# Listen to Paris Hilton's new song "Stars Are Blind"



## Pink_minx (Jun 2, 2006)

*OK when i first heard that Paris Hilton was coming out with an album i cringed.  IMHO i like her, but i was skeptical about this and thought it would be horrible! but luckily her song is pretty decent.  Its not bad at all and I actually like the song.  It sounds similar to Gwen Stefani's song with that jamaican beat reggae sound haha.... I listened to it like 3 times I felt like I wanted to go to Hawaii and sip on some coconut juice...mmm sry I need a vacation here ugh! but just listen to is and post what you think about it.*
http://www.sendspace.com/file/1selso


----------



## aziajs (Jun 3, 2006)

It's not horrible.  I could see it getting airplay and being on TRL and all that good stuff.  She does have a whole Gwen Stefani thing going on.  I actually wouldn't even know it was Paris.


----------



## kimmy (Jun 6, 2006)

who knew Paris could sing? ha, wow. not very well, but she's not terrible either...shit.


----------



## Juneplum (Jun 6, 2006)

meh =/ i heard this on the radio today and i'm not impressed.. it sounds waaaay too much like a gwen stefani wannabe.. meh =/


----------



## as_cute_as_pie (Jun 10, 2006)

oh thats awful just awful the instrumentals are dreadful sounds like total cheesy pop


----------



## mitziedoll (Jun 10, 2006)

I have to agree.  I think it sounds REALLY cheesy.  Paris has a weak voice overshadowed by instrumentals.  Gwen would be pissed if anyone compared her to Paris.  Plus the SKA thing went out in the 90's.


----------



## ninabruja (Jun 10, 2006)

i don't think it sounds like her (its obviously had a lot of work done..) but the song is catchy and cute, i like it.


----------



## Vicky88 (Jun 10, 2006)

I actually really love it. It's so summery and fun.


----------



## roxybc (Jun 11, 2006)

I like it!  If they played it on the radio and told us it was Gwen Stefani everyone would love it! I'm not too crazy about the video, but I have always kind of liked her, although not so much now, but I do really like the song, and its about frigging time she finally released a single, because this album was supposed to be released like 3 years ago!

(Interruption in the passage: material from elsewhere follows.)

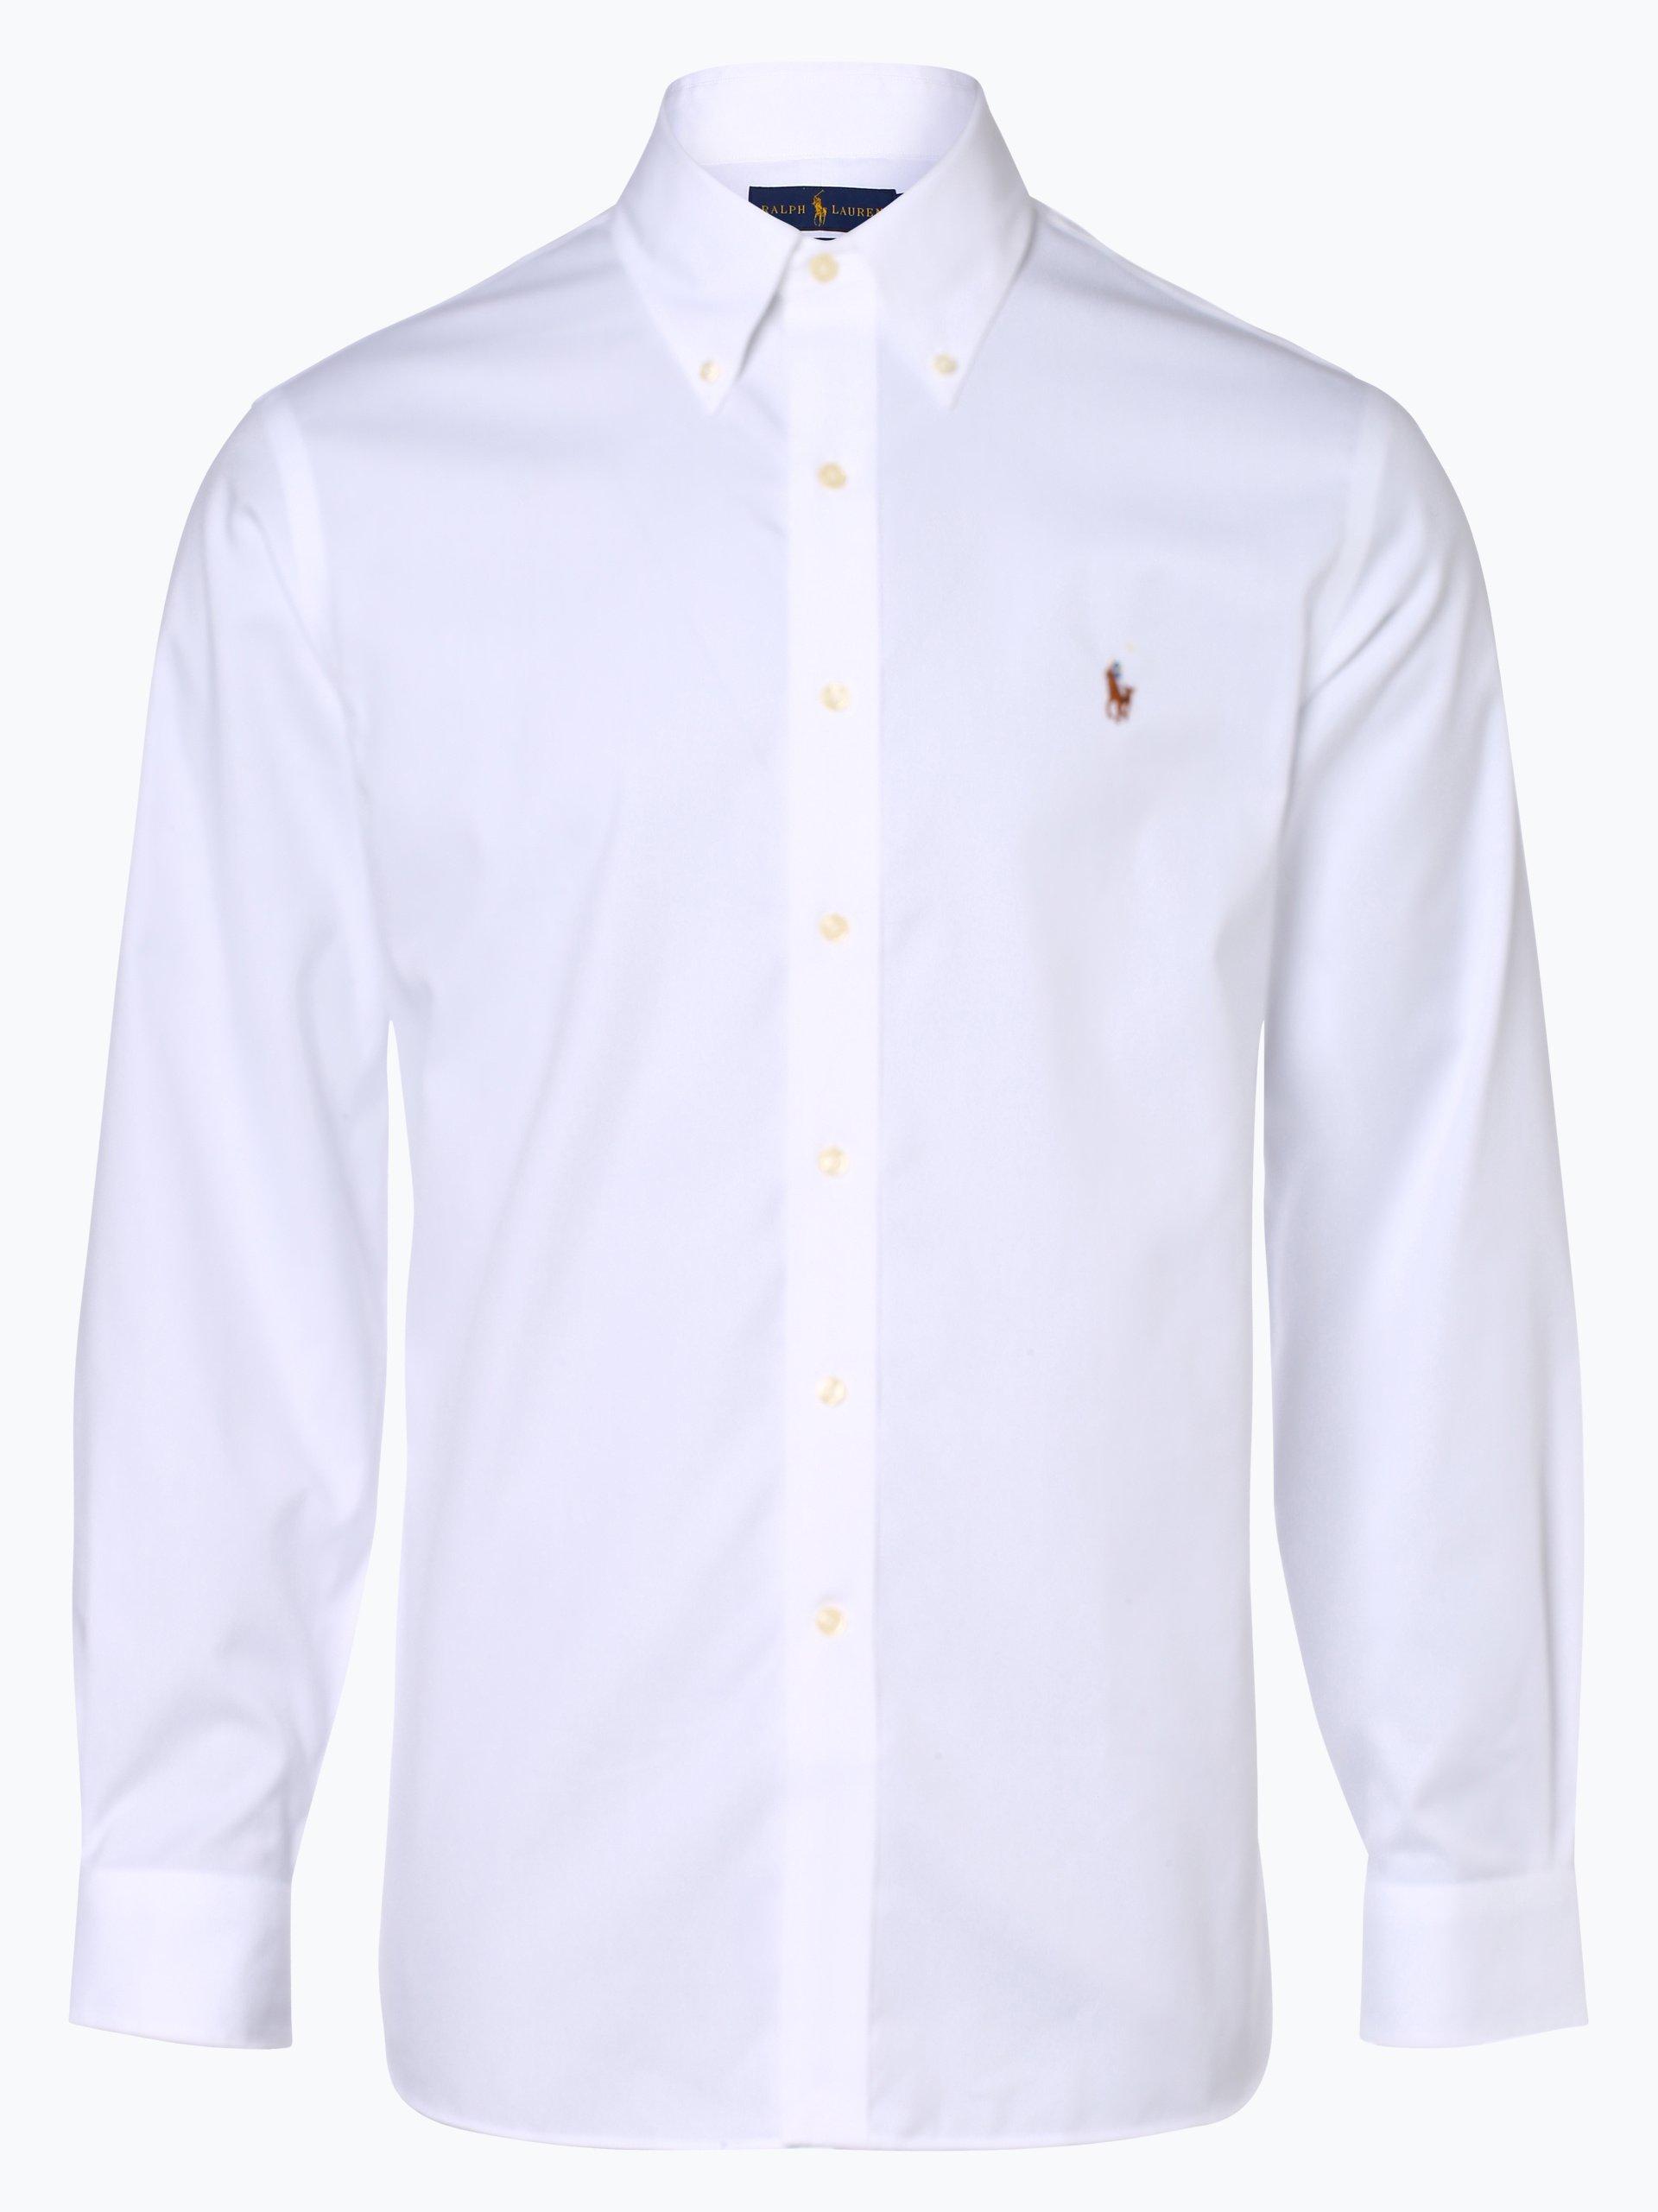 Polo Ralph Lauren Herren Hemd Bügelleicht

Now we just have to wait for Nicole Richie's album to come out, it's on the way..........who will win this battle??????


----------



## Coco_Hailey (Jun 11, 2006)

I haven't heard the song, but remember : anything can be done in a studio, I doubt that she'll ever perform live and not do lipsynch, I haven't seen the video yet, but my bf did and told me it was the usual Paris...meh


----------



## roxybc (Jun 11, 2006)

She sings in public all the time when she goes out and parties with her Hollywood friends, I've seen some pics of her doing it, and some random videos.  She sang happy birthday to Hugh Hefner at his 80th birthday party, and I have an old song of hers that was leaked out about a year ago, it's ok.......


----------



## -x-buttercup-x- (Jun 11, 2006)

I really think this song is awful, possibly one of the worst I've ever heard. I'm quite suprised because I like a lot of music and if you have her money even if you can't sing you can come up with a catchy tune, but this realllllly isn't one. I do however like Nicole Richies Dandelion, but the lyrics are absolutely absymal, they should stick to  what they do best, standing around looking pretty


----------



## roxybc (Jun 11, 2006)

I didn't even know that Nicole's single was released! I downloaded it last night, and I really liked it.  

Thanks!


----------



## pumpkincat210 (Jun 11, 2006)

OH god, this song is really bad.  Her voice is layered on top of itself 408006 times to make it sound stronger.


----------



## ChynaSkye (Jun 11, 2006)

yeah the song itself is not my style
comparing it to gwen is blastfamy! lol
the thing that bothered me when i hear it is that her 
voice sounds weak compared to the music


----------



## mzcelaneous (Jul 28, 2006)

Bleh, it's not that great. I don't hate it though, I just wouldn't bother downloading it. The question is...can she sing acapella? I doubt it.


----------



## IslandGirl77 (Jul 28, 2006)

I have two words....Haaated it!!! Two snaps with a twist.


----------



## hyperRealGurl (Jul 29, 2006)

this song makes me want to plug my ears up with cotton balls, i really dont like this song.  Ok I HATE.. i know hate it a strong word to use... but really thats how i feel.  Gosh now in days they let anyone sing


----------



## sweetmelissa (Jul 29, 2006)

The fact that Paris Hilton HAS a song out makes me laugh.  She is so ridiculous, she's like a caricature.

 Quote:

  they should stick to what they do best, standing around looking pretty


----------



## MxAxC-_ATTACK (Jul 30, 2006)

its even better that she has her own book and its FILLED with pictures of herself.. haha ...


----------



## Mandaryna (Jul 30, 2006)

I really dislike her but the song's okay.


----------



## coco.butter. (Aug 4, 2006)

Quote:

   Originally Posted by *Coco_Hailey* 
_I haven't heard the song, but remember : anything can be done in a studio, I doubt that she'll ever perform live and not do lipsynch, I haven't seen the video yet, but my bf did and told me it was the usual Paris...meh_

 
thats absolutely positively truee; it doesnt sound liek her at all.


----------